Он смотрел на меня, зажав бороду в кулак и наклонив вперед голову, до удивления похожий на большого, горбатого черного медведя; меня даже дрожь пробрала. Глаза его стали совсем неподвижны, в них мерцало убийство, так чудилось мне.
– Молодец, – проговорил он в конце концов. – Возможно, в этом мире все имеет свое назначение. Но не теряйте бдительности.
– Не буду, сэр, – ответил я озадаченно.
Слепец Иеремия за спиной капитана кивнул мне в знак того, что капитана Заупокоя больше не следует утруждать.
– Доброй ночи, сэр, – сказал я.
Капитан не ответил. Он успел забыть о моем существовании и завел глаза в подбровье, чтобы взглянуть на небо. Руки его в черных шелковых перчатках все еще покоились на бороде, огромное бессильное тело повисло на Иеремии, точно жизнь совсем покинула его.
На следующий вечер, когда я явился выслушать урок у моей ученицы, капитан спал непробудным сном у себя на койке – я видел его через дверь. Он ужасно храпел. Слепца Иеремии нигде не было видно. Портрет, который они не дали мне рассмотреть, исчез.
XV
– Ну и россказни! – восклицает гость, взорвавшись смехом. – Ей-богу, фейерверкам Шахразады до них далеко!
– Вы находите? – оживляется мореход.
Но ангел бездумно уставился в окно. Леса потемнели. В верхушках деревьев копошатся вороны, и даже в корчму проникли запахи осени. Пустоглазые мертвецы спохватились и снова тащатся по своим делам. Бесшумно пересекают они овечий выгон.
Мореход видит, куда смотрит ангел, и трезвеет.
– Закруглиться, конечно, всегда проще, чем продолжать, – говорит он. – Сколько еще мертвых штилей надо переплыть, если говорить честно, сколько скучных препятствий одолеть.
– Это верно, не спорю, – соглашается гость. Он вдруг обеспокоенно смотрит на часы. Но здесь еще время раннее. Так он себя успокаивает. И утверждается в принятом решении. – Будем делать свое дело, нам выбирать не приходится. – Он сурово покашливает. Вид у гостя положительный, надежный. Он старается откашляться погромче. И, положив ладонь на рукав морехода, другой рукой стучит по стулу – стук-стук.
– Эй, ты, с крыльями, – неси сюда спиритического!

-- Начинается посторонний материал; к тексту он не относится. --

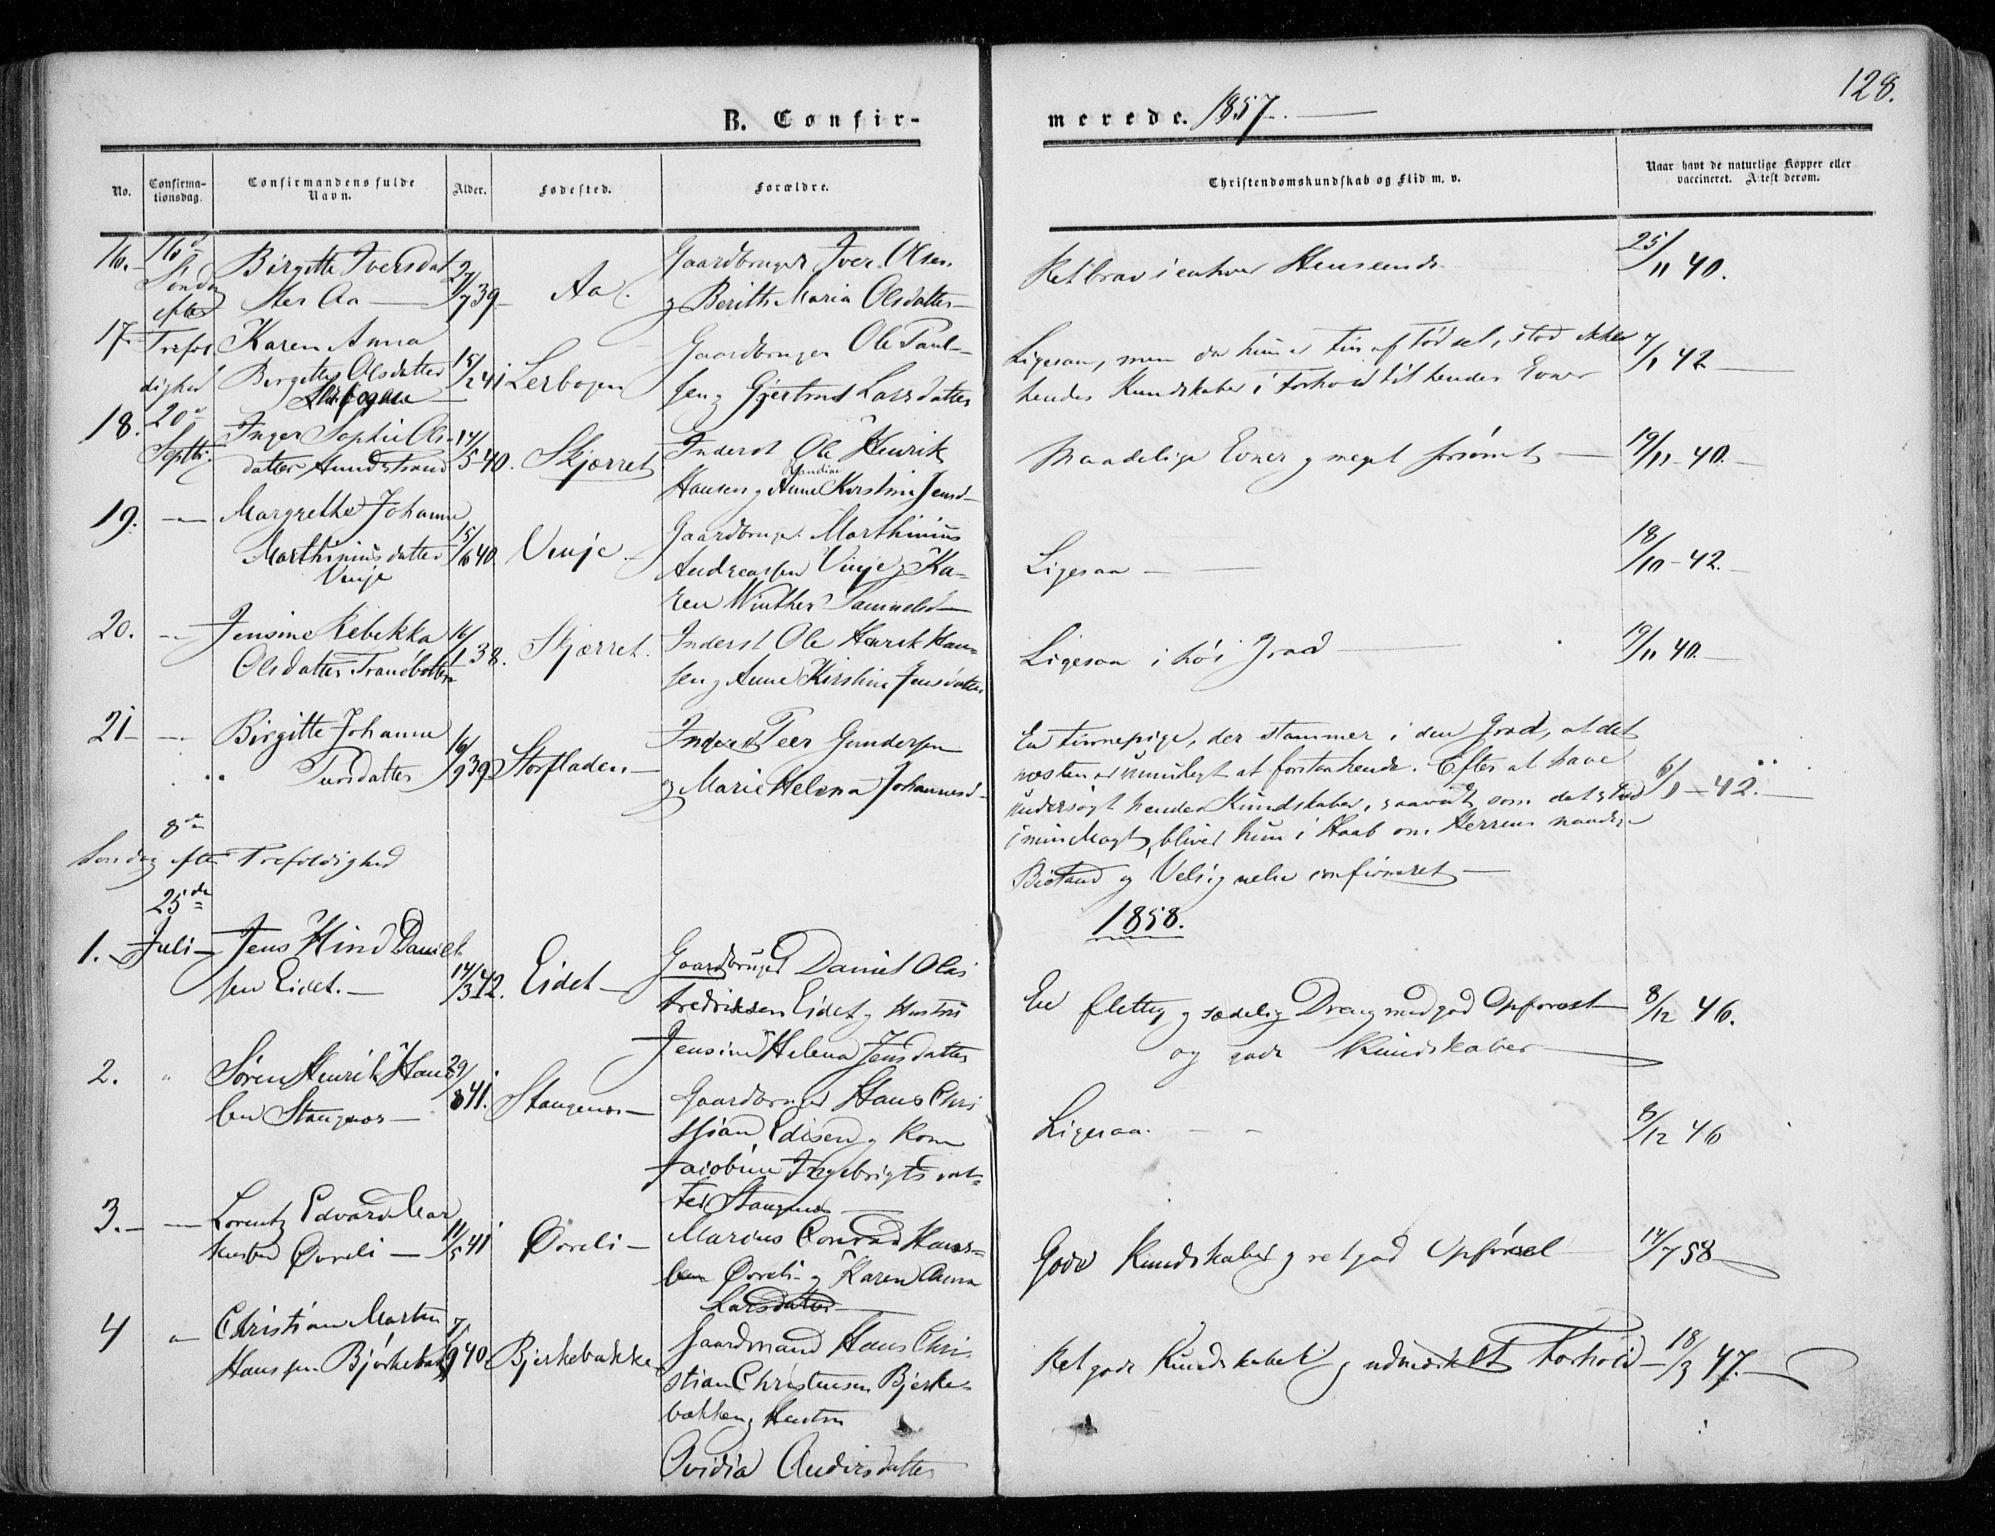 SATØ, Tranøy sokneprestkontor, I/Ia/Iaa/L0007kirke: Ministerialbok nr. 7, 1856-1866, s. 128

Ангел торопливо встает, машинально прячет трубку в карман, где она продолжает куриться, выходит и сразу же возвращается с бутылкой. Гость и мореход склоняются над столом, серьезные, как черти, но улыбаются, надеются, тщатся понять. Ангел разливает.
XVI
Так началась эра моего радостного рабства. Ни рейки, ни лоскута парусины не осталось от моей хваленой независимости – от младенческой дурости, как я называл ее теперь; нарядный и напудренный, точно нью-йоркский паж, разодетый в пух и прах, точно француз на прогулке. Куда ни обращалась моя мысль, мир сразу наполнялся сладостной надеждой и дышал благоуханиями, как жилище Августы. Задним числом я испытывал теперь глубочайшее уважение к преподобному Дункелю, словно это его проповеди над угольным погребом пронесли по волнам из пучины хаоса и раскрыли для вселенной, лепесток за лепестком, Истинного Браму. «Порядок»! Да, да, теперь это слово и для меня звучало фанфарами славы. Никто не знает, каким целям в великой, но неведомой нам программе Провидения служат самые пустяковые события. Теперь я благодарил бога за то, что он в один прекрасный вечер свел меня с пиратами, а потом едва не утопил в океане, и переломал мне ребра, и заморочил мне голову латынью, и загнал меня на верхушку мачты, откуда я… Цель этого последнего шага была не совсем понятна, очевидно, планы бога на мой счет открылись еще не во всех подробностях; но меня это обстоятельство не особенно смущало. Общий замысел был ясен и ослепительно благословен!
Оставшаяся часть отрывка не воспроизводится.